Tag Archive for My dream lunch

I’d Follow Joan Didion’s Mind Whatever It Roams

I just read Joan Didion’s new book, Blue Nights.

She’s just an amazing writer, so precise. I’d follow her mind anywhere. And this book is particularly remarkable, not only for the content, but for the style — the texture of the thought as much as the thoughts themselves, if the two can separated. Brief and fractured, at times clear and direct and yet elusive, slippery, the book takes on the qualities of a prose poem.

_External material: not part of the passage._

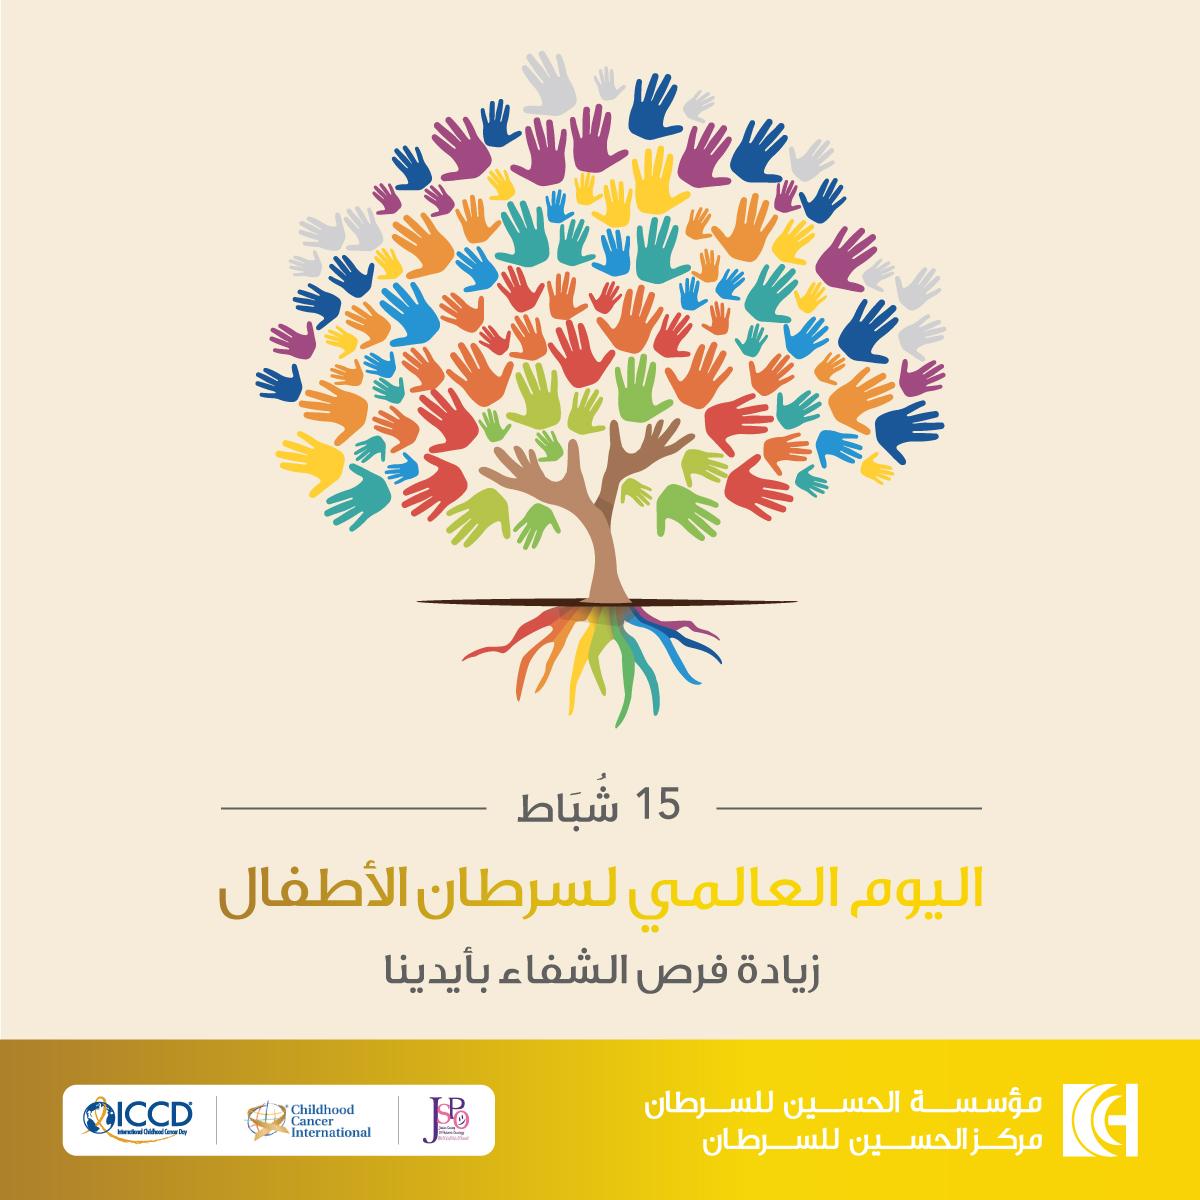    حملة توعوية باليوم العالمي لسرطان الأطفال يطلقها مركز الحسين للسرطان

It struck me that Didion in this book writes as an elderly woman in her late 70’s, from that specific place, the way her thoughts (and sentences) keep circling back, almost forgetful, picking up dropped threads, weaving them into loose patterns, drifting back again, and plunging forward as if reluctantly, yet determined to arrive . . . at something. There’s a frailty here, the uncertainty of any old brittle-boned body, picking a cautious path down the sidewalk, fearful of losing her balance, falling. Reading it, I thought of my own mother, age 85 or 6, who knows anymore, and the new palpable fear she experiences stepping off a curb, walking to the mailbox, wondering when gravity will be her undoing. And yet out into this perilous world she bravely steps.

Two things:

First, look at this photograph, the peculiar pose, that thin right arm, hand rested on her right shoulder, and that clear-eyed gaze. What an intimate photograph by Anthony Dunne.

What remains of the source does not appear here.